Data Science¶

What is data science?¶

Data Science is a set of processes and systems to extract knowledge or insights from data, either structured or unstructured (Wikipedia). For the purpose of this document consists of managing, analyzing and visualizing data in support of machine learning workflow.

What is machine learning?¶

Machine learning: Artificial intelligence machines that improve their predictions by learning from large amounts of input data.

Main idea: Learning = estimating underlying function $f$ by mapping data attributes to some target value.

Training set: A set of labeled examples $(x,f(x))$ where $x$ is the input variables and the label $f(x)$ is the observed target truth.

Goal: Given a training set, find approximation $\hat{f}$ of $f$ that best generalizes, or predicts, labels for new examples. Best is measured by some quality measure, for instance: error rate, sum squared error.

Image:ML.png

Why machine learning¶

Difficulty in writing some programs

Too comples (facial recognition)
Too much data (stock market predicions)
Information only available dynamically (recommendation system)

Use of data for improvement

Humans are used to improving based on experience (data)

A lot of data available

Product recommendations
Fraud detection
Facial recognition
Language understanding

Types of machine learning¶

Supervised learning¶

A “teacher” provides training examples, each with correct label. Regression y classification.

Unsupervised learning¶

Correct label not available for training examples, must find patterns in data (e.g. using clustering). Example: grouping customers according to what books and movies they like.

Reinforcement learning¶

Not told what action is correct, but given some reward or penalty after each action in a sequence. Example: learning how to play soccer

semi-supervised learning,

Data matters¶

image:data.png

Unleash the business value in data collected
Prepare you to do data science projects and to implement production systems
Predict future events based on past data leading to proactive change than reactive

The Data Science and ML workflow¶

Image:workflow.png

Concepts:

Dataset

Trainig set versus test set

Feature = attribute = independent variable = predictor

Label = target = outcome = class = dependent variable = response

Dimensionality = numer of features

Model selection

Key Issues in ML¶

Data quality¶

Consistency of the data, Accuracy of the data, noisy data, missing data, outliers in the data, Bias, Variance

Model quality¶

Image:modelquality.png

Overfitting¶

Failure to generalize: Model performs well on trainig set but poorly on test set.

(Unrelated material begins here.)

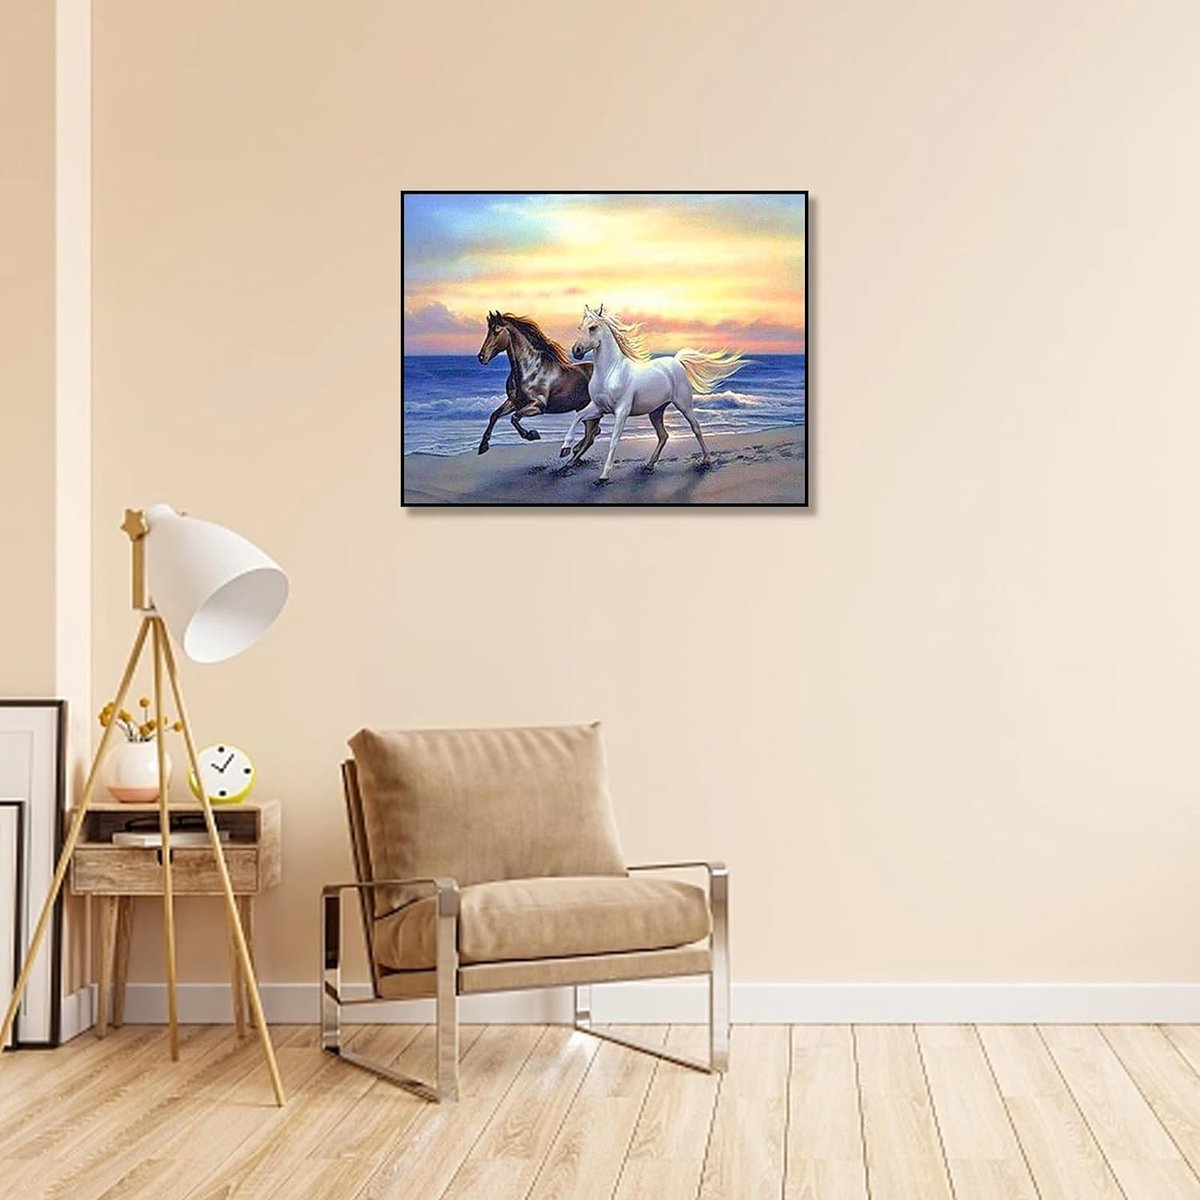 Diamond Painting Paard / Horse Diamond Painting set for adults and children 50x40cm

Typically indicates that model is too flexible for amount of training data.

Flexibility allows it to “memorize” the data, including noise.

Corresponds to high variance - small changes in the training dat lead to big changes in the results

Underfitting¶

Failure to capture important patterns in the training data set.

Typically indicates that model is too simple or there are too few explanatory variables.

Not flexible enough to model real patterns

Corresponds to high bias - the results show systematic lack of fit in certain regions

Computation speed and scalability¶

Use distributed computing systems like Amazon SageMaker or Amazon EC2 instances for training in order to: increase speed, solve prediction time complexity, solve space complexity.